120 Minutes and a Laptop: Minimalist Image-goal Navigation via Unsupervised Exploration and Offline RL

arXiv cs.RO / 3/30/2026

💬 OpinionSignals & Early TrendsIdeas & Deep AnalysisModels & Research

Key Points

  • The paper proposes MINav, an approach for image-goal visual navigation that avoids reliance on large pretraining datasets and heavy compute by learning from data collected in-house.
  • MINav frames navigation as offline goal-conditioned reinforcement learning, using unsupervised exploration to gather experience and hindsight goal relabeling to improve learning from collected trajectories.
  • The authors report that policies can be collected, trained, and deployed to real-world navigation in under 120 minutes using only a consumer laptop and without human intervention.
  • Experiments in both simulation and real environments indicate improved exploration efficiency, better performance than zero-shot navigation baselines, and favorable scaling with dataset size.
  • Overall, the work aims to reduce barriers to rapid robotic policy prototyping by demonstrating a fast, compute-light pipeline for real-world deployment.

Abstract

The prevailing paradigm for image-goal visual navigation often assumes access to large-scale datasets, substantial pretraining, and significant computational resources.
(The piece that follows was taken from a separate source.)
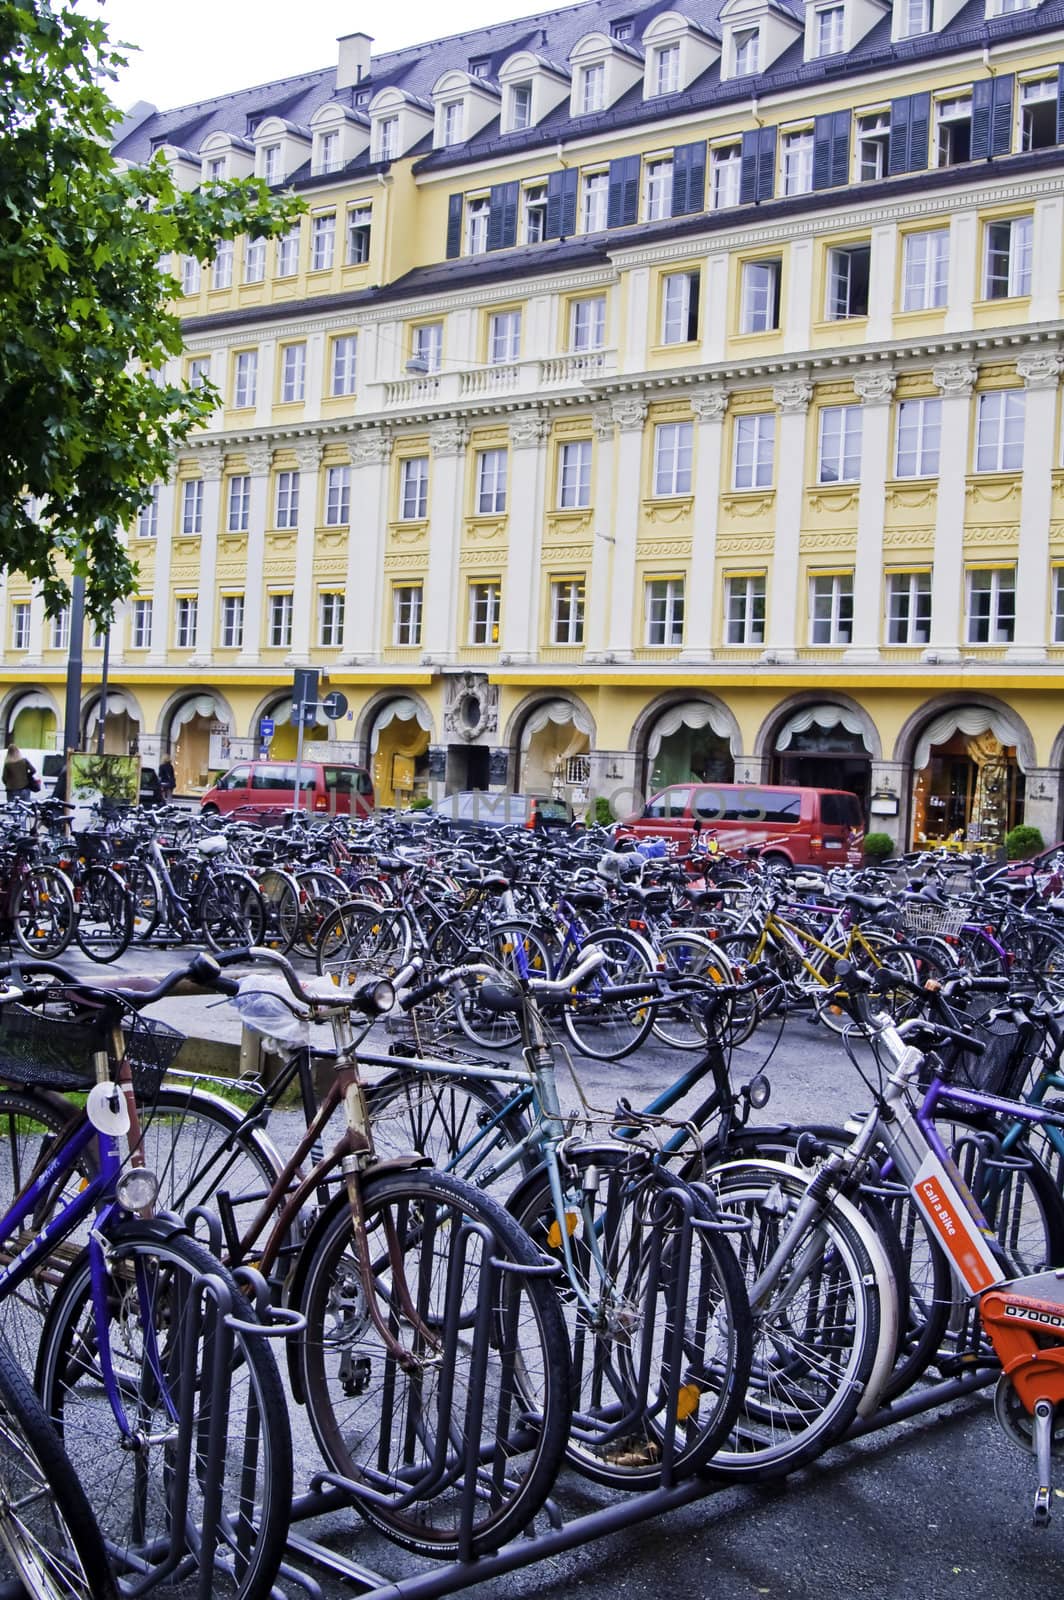 Many Bicycles parked in front of a building in Munich, Germany

In this work, we challenge this assumption. We show that we can collect a dataset, train an in-domain policy, and deploy it to the real world (1) in less than 120 minutes, (2) on a consumer laptop, (3) without any human intervention. Our method, MINav, formulates image-goal navigation as an offline goal-conditioned reinforcement learning problem, combining unsupervised data collection with hindsight goal relabeling and offline policy learning. Experiments in simulation and the real world show that MINav improves exploration efficiency, outperforms zero-shot navigation baselines in target environments, and scales favorably with dataset size. These results suggest that effective real-world robotic learning can be achieved with high computational efficiency, lowering the barrier to rapid policy prototyping and deployment.